I have this obscure rounding problem in VBA.

```
a = 61048.4599674847
b = 154553063.208822
c = a + b
debug.print c
Result:
154614111.66879
```

Here is the question, why did VBA rounded off variable c? I didn’t issued any rounding off function. The value I was expecting was 154614111.6687894847. Even if I round off or format variable c to 15 decimal places I still don’t get my expected result.

Any explanation would be appreciated.

Edit:

Got the expected results using cDec. I have read this in Jonathan Allen’s reply in Why does CLng produce different results?

Here is the result to the test:

```
a = cDec(61048.4599674847)
b = cDec(154553063.208822)
c = a + b
?c
154614111.6687894847
```

The reason is the limited precission that can be stored in a floating point variable.

For a complete explanation you shoud read the paper *What Every Computer Scientist Should Know About Floating-Point Arithmetic*, by David Goldberg, published in the March, 1991 issue of Computing Surveys.

In VBA the default floating point type is `Double`

which is a IEEE 64-bit (8-byte) floating-point number.

There is another type available: `Decimal`

which is a 96-bit (12-byte) signed integers scaled by a variable power of 10

Put simply, this provides floating point numbers to 28 digit precission.

To use in your example:

```
a = CDec(61048.4599674847)
b = CDec(154553063.208822)
c = a + b
debug.print c
Result:
154614111.6687894847
```

### Answer：

Its not obscure, but its not necessarily obvious.
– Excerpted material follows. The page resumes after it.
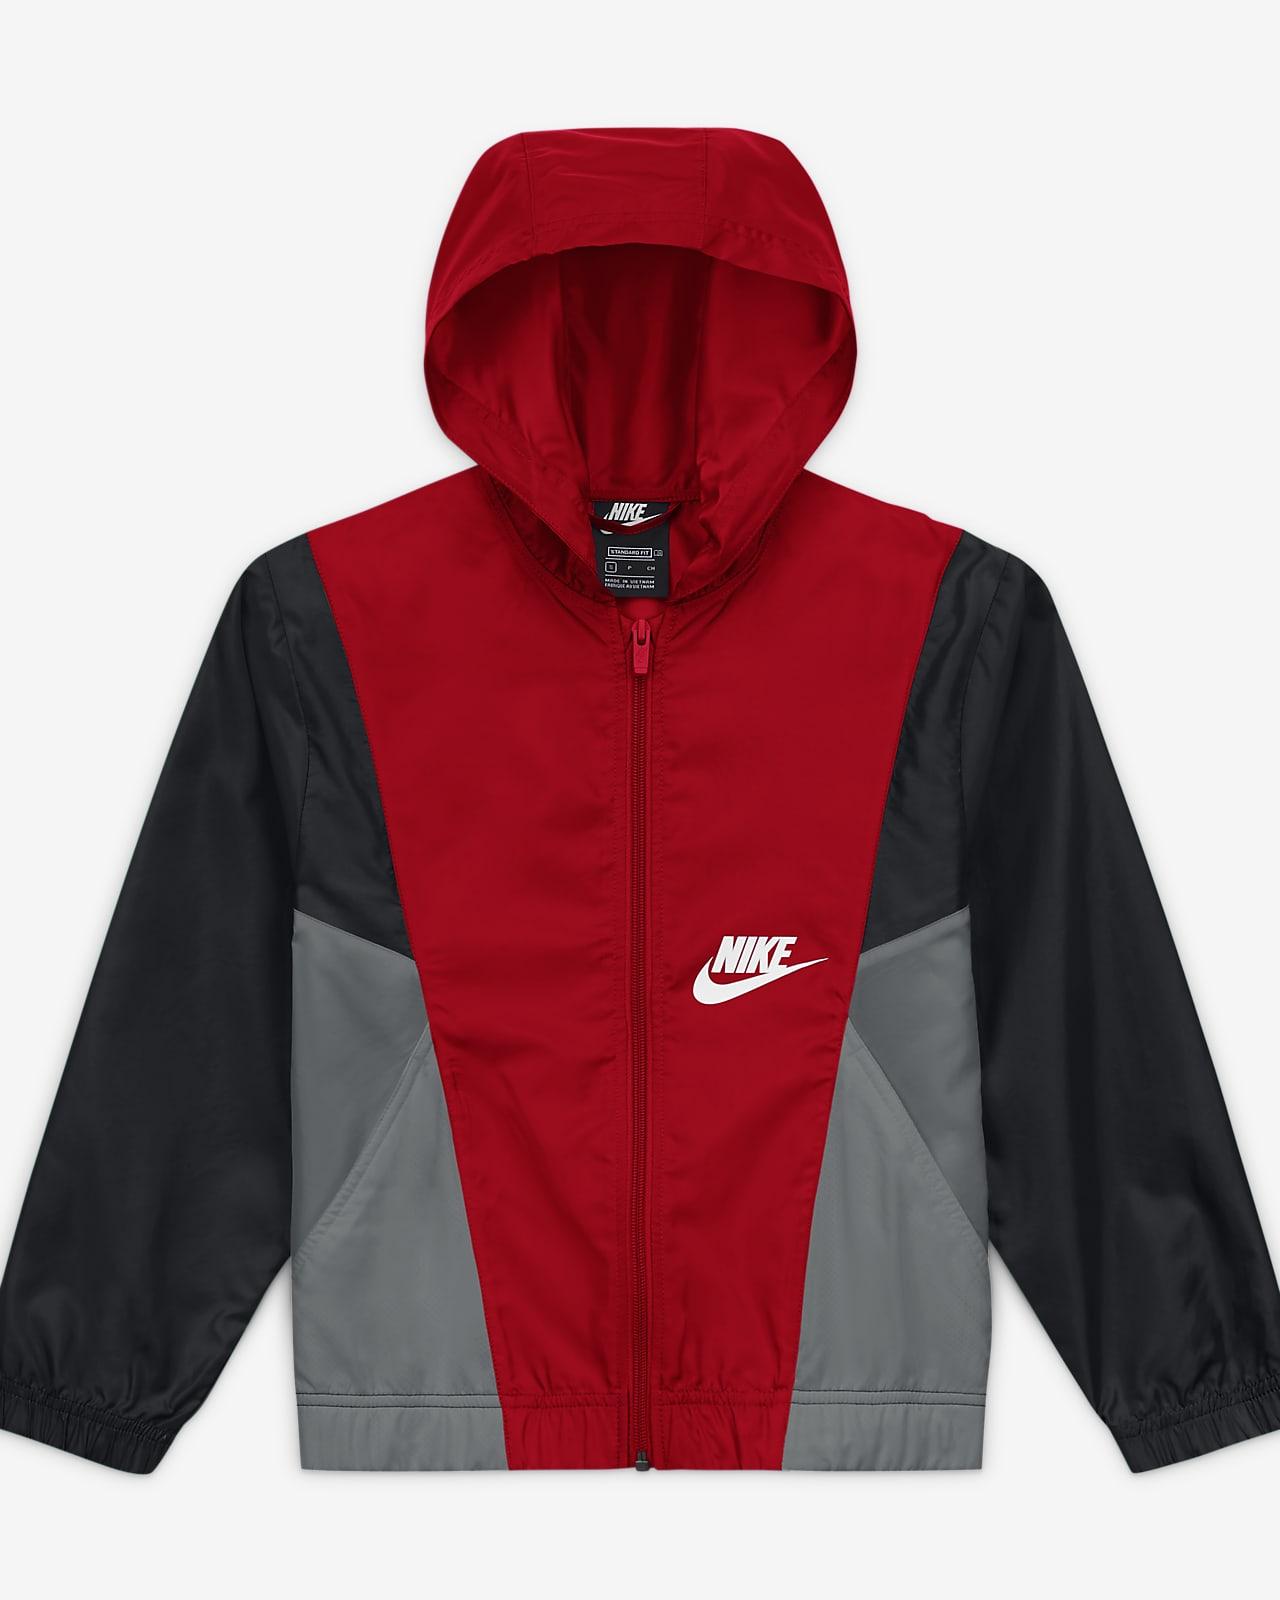 Куртка из тканого материала для мальчиков школьного возраста Nike Sportswear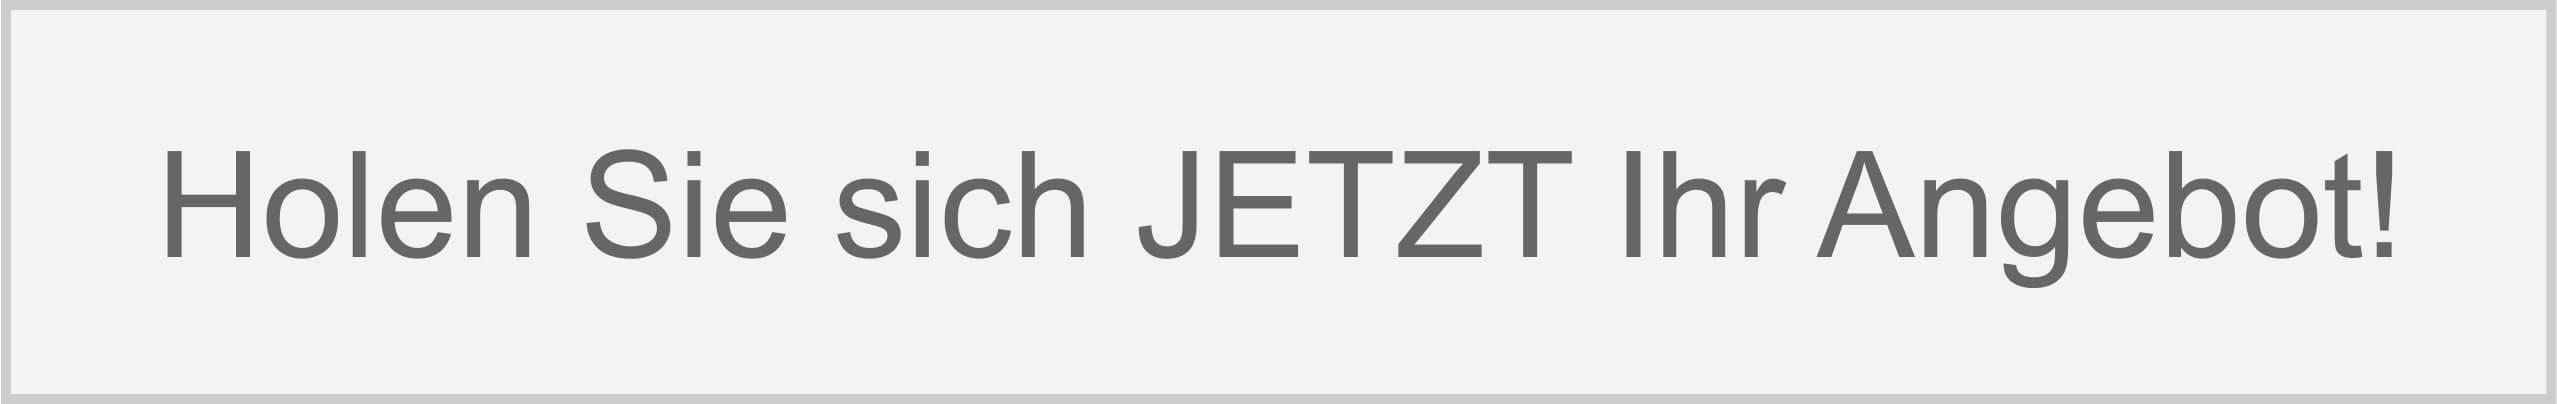 Angebot zum refurben privater iPhones bei MobileWorld in Linz

I think you’ve sort of answered it – but the basic problem is one of the “size” of the values that is how much data can be stored in a variable of a given type.

If (and this is very crude) you count the number of digits in each of the numbers in your first example you will see that you have 15 so whilst the range of values that a float (the default type) can represent is huge the precision is limited to 15 digits (I’m sure someone will be along to correct this, I’ll tick the wiki box…)

So when you add the two numbers together it loses the least significant values in order to remain within the allowable precision for a flow.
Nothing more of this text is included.